▶ **Input records**:
◇ ◇ ◇ ◇ ◇ ◇ ◇

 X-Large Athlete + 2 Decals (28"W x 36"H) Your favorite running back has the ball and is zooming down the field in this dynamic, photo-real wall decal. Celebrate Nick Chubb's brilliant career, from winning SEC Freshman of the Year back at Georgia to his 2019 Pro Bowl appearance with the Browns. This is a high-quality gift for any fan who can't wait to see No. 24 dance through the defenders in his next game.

◇ ◇ ◇ ◇ ◇ ◇ ◇

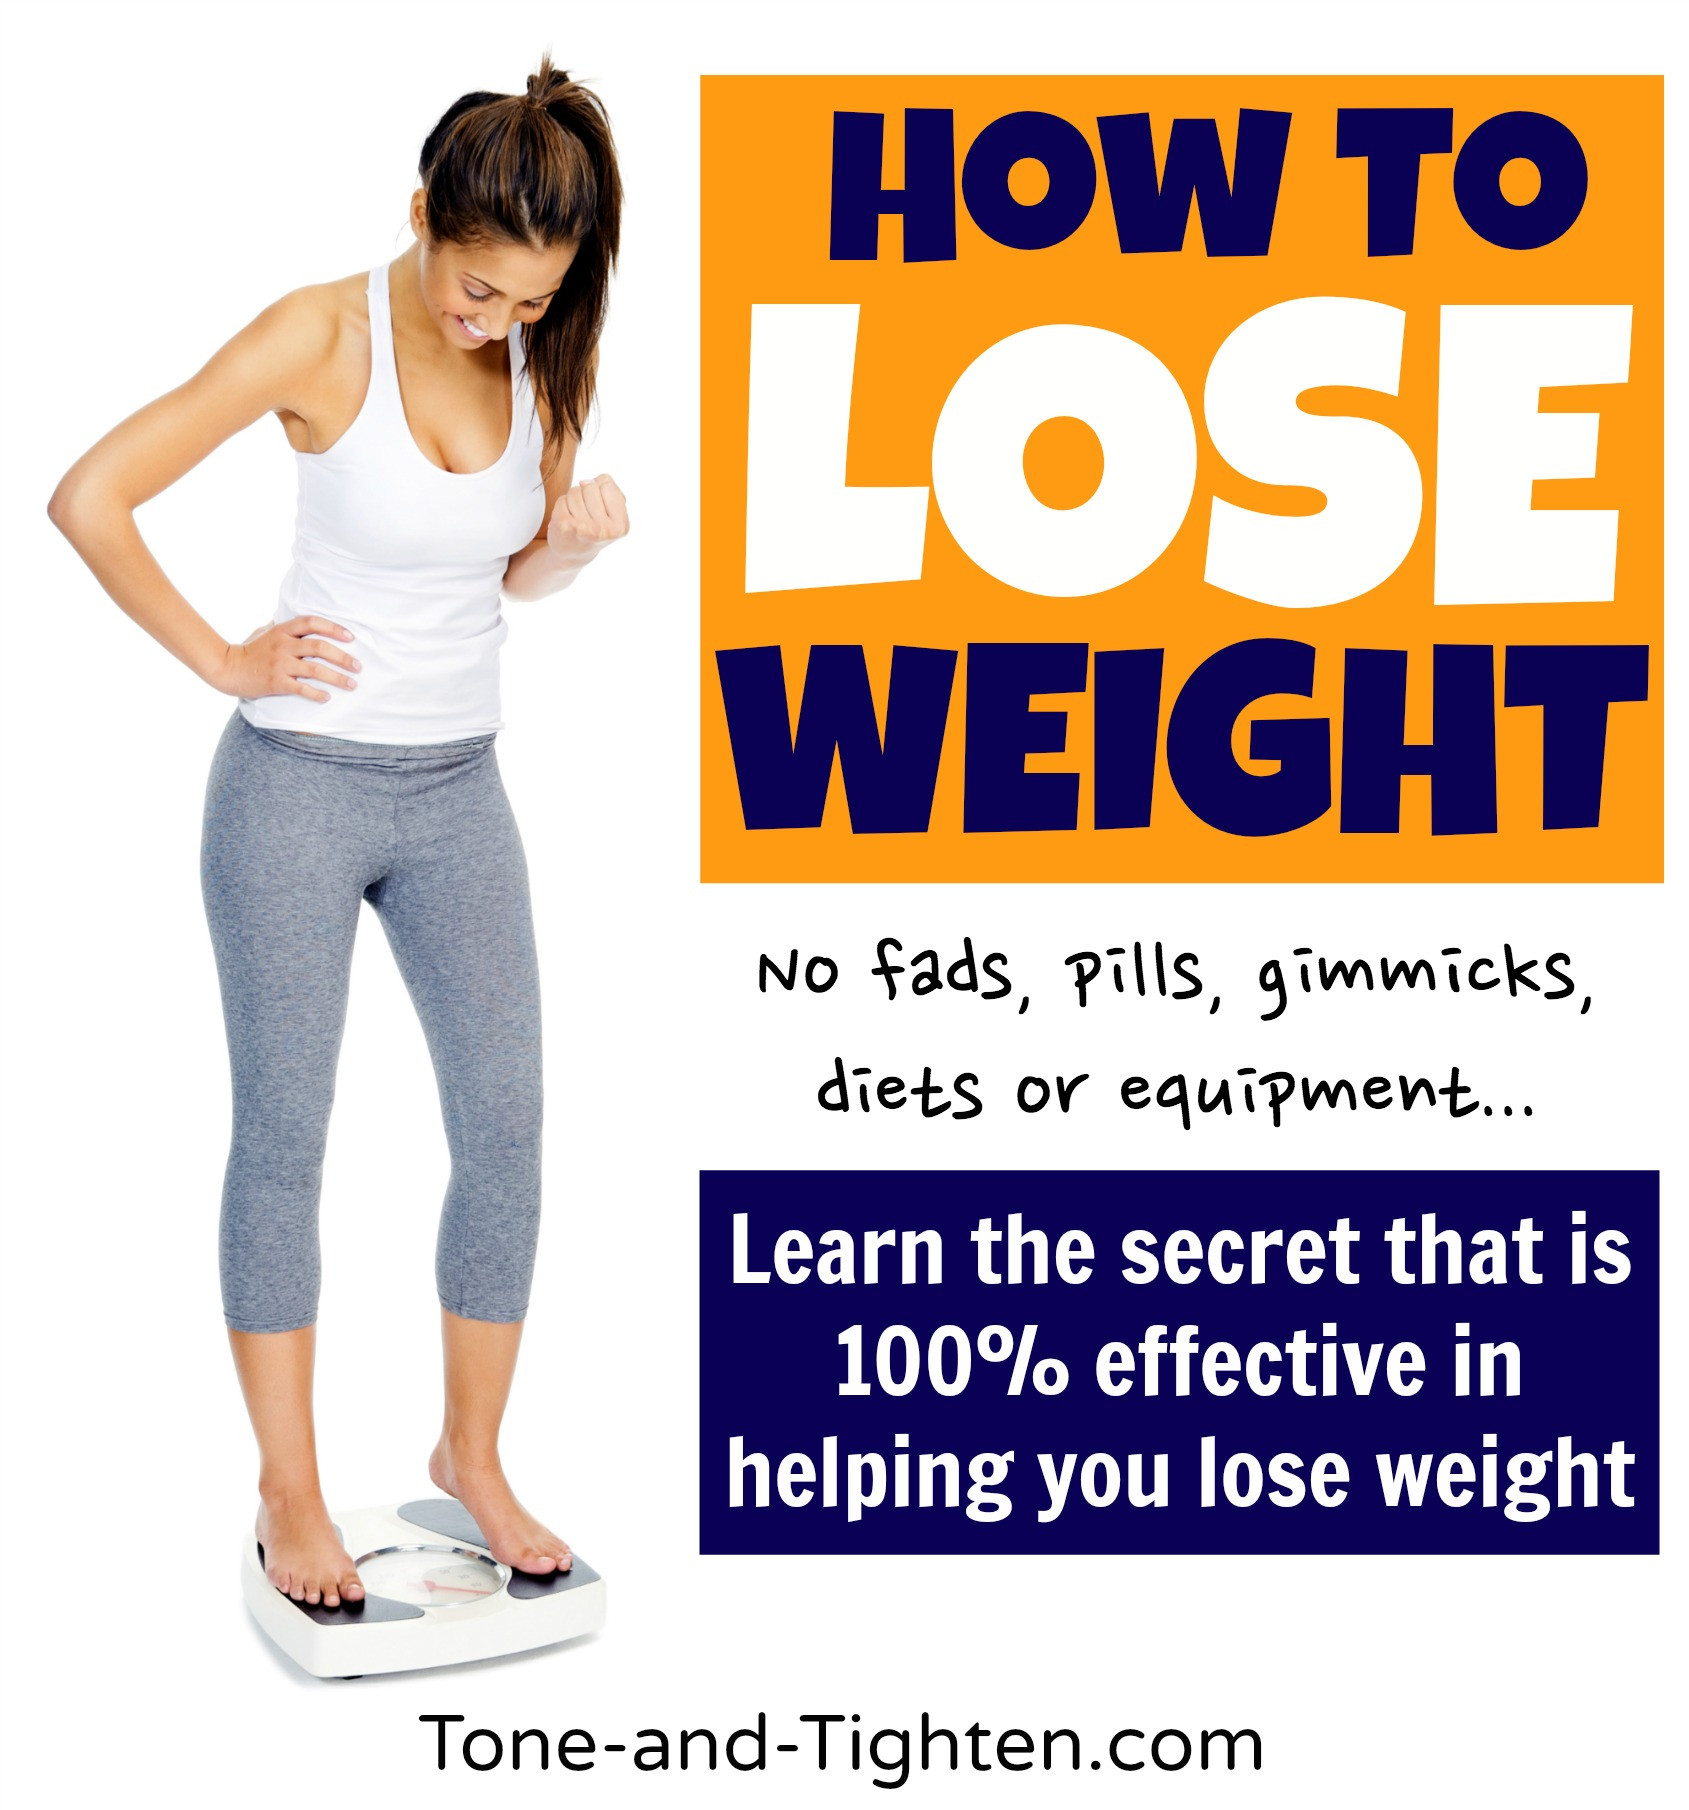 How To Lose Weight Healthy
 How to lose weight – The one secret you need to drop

◇ ◇ ◇ ◇ ◇ ◇ ◇

▶ **Requirement**:
Take the material above and output only the lines from the one that contains "How To Lose Weight Healthy" through the one that contains "How to lose weight –", ends included and images left out.

▶ **Reply**:
 How To Lose Weight Healthy
 How to lose weight – The one secret you need to drop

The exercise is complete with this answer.